+++ DATA SECTION

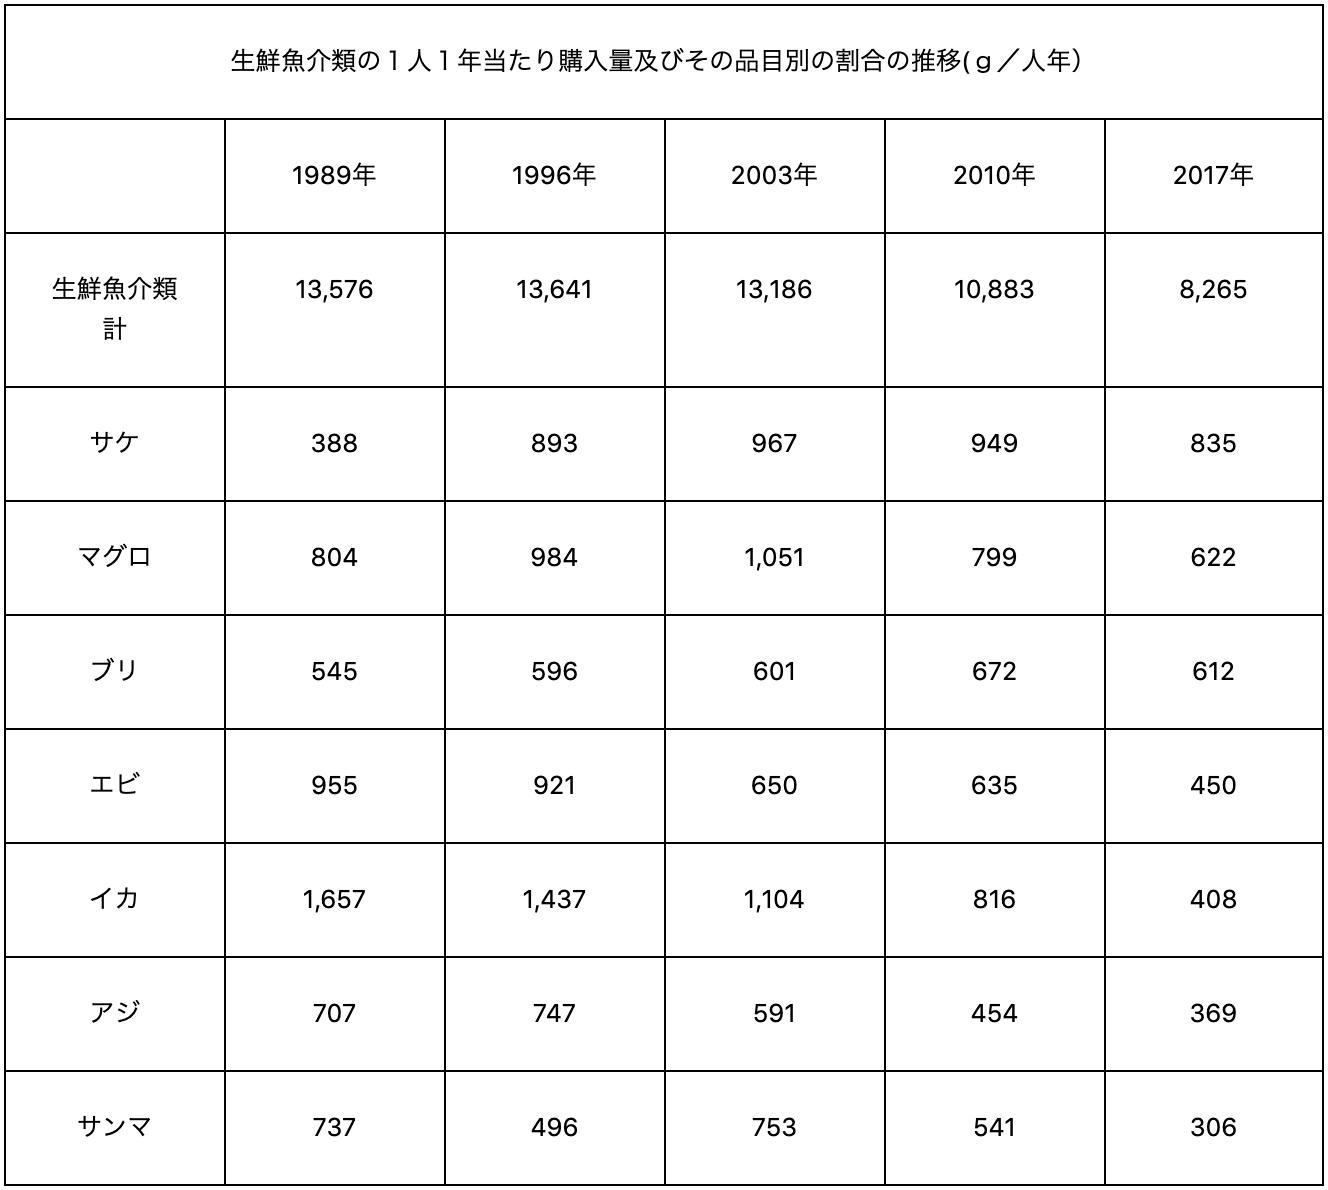 1人当たりの生鮮魚介類購入量の推移の表
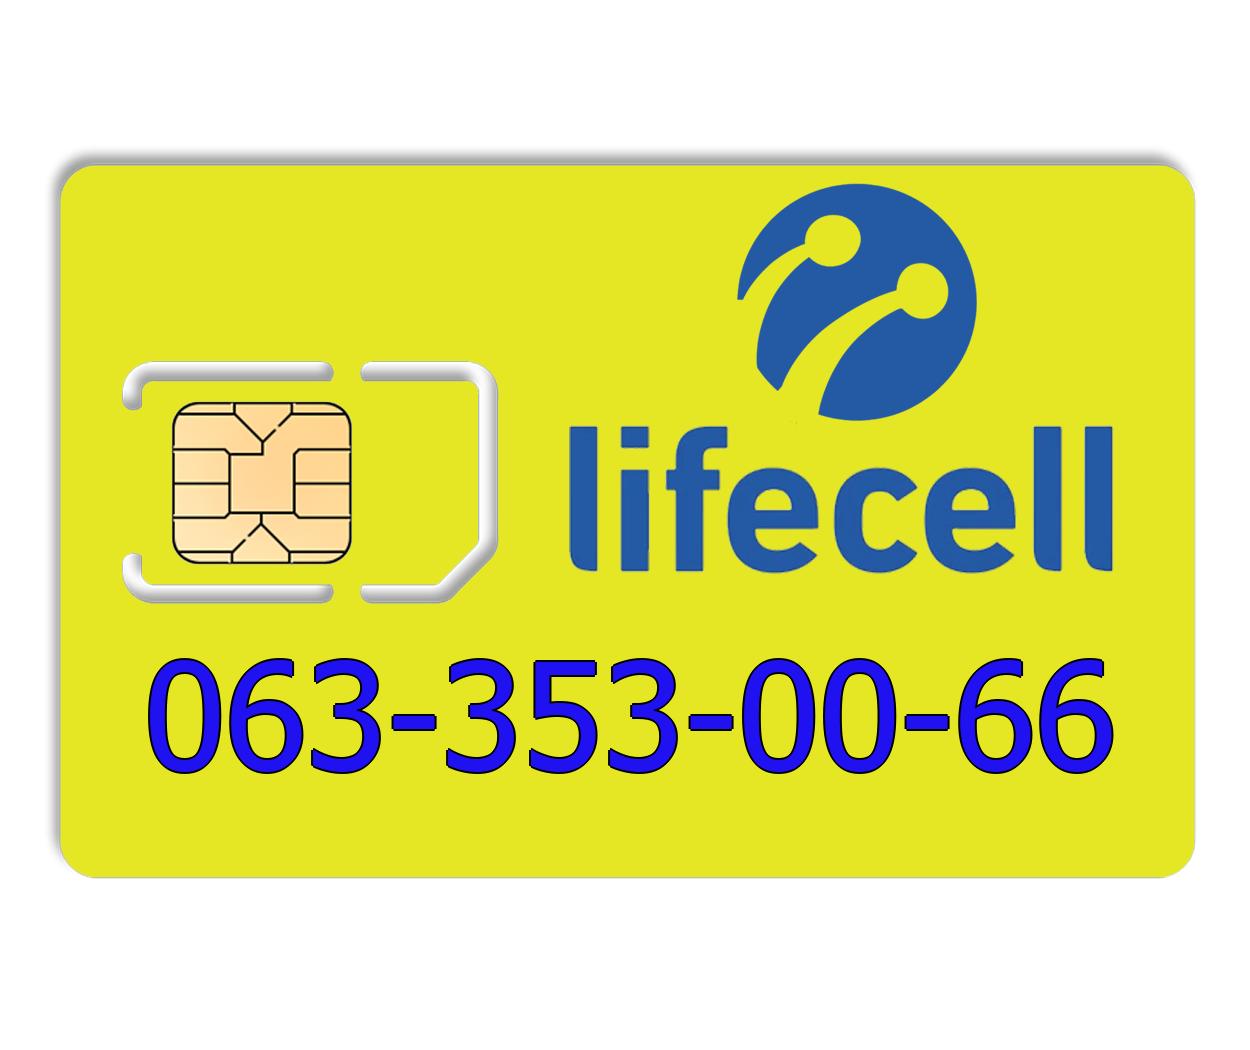 Красивый номер lifecell 063-353-00-66
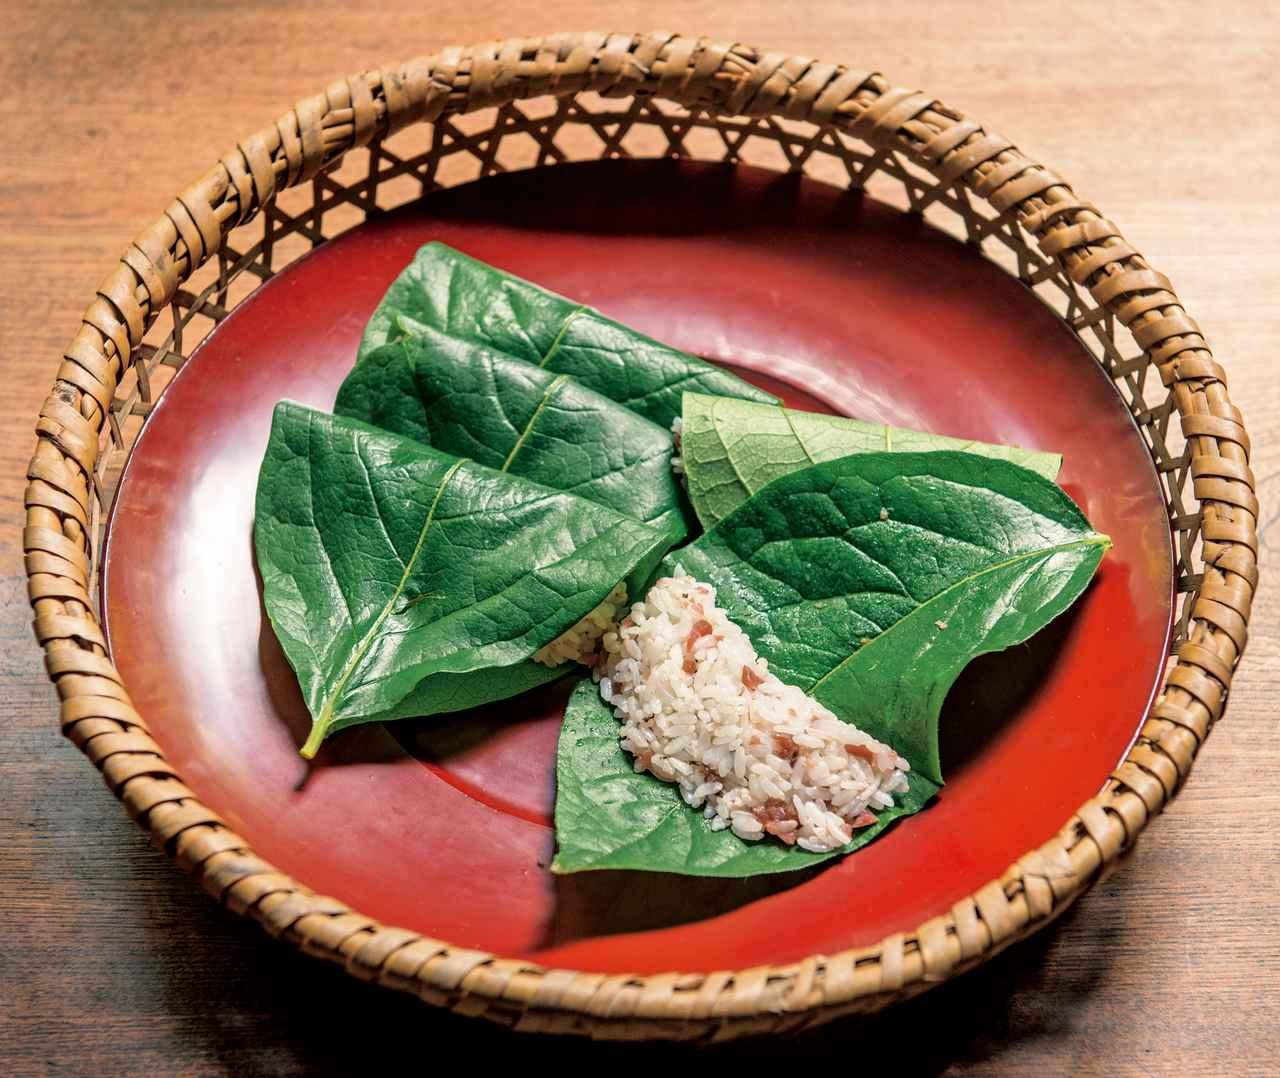 画像: 柿の葉に包んだ梅ごはんは、「この土地の定番混ぜごはん」。柿の葉の殺菌作用で、次の日もおいしいまま

++++++

→ EXERCISE DETAILS
Could you print the listing above exactly, without the pictures?

→ RESULT BELOW
 1人当たりの生鮮魚介類購入量の推移の表
 Красивый номер lifecell 063-353-00-66
 画像: 柿の葉に包んだ梅ごはんは、「この土地の定番混ぜごはん」。柿の葉の殺菌作用で、次の日もおいしいまま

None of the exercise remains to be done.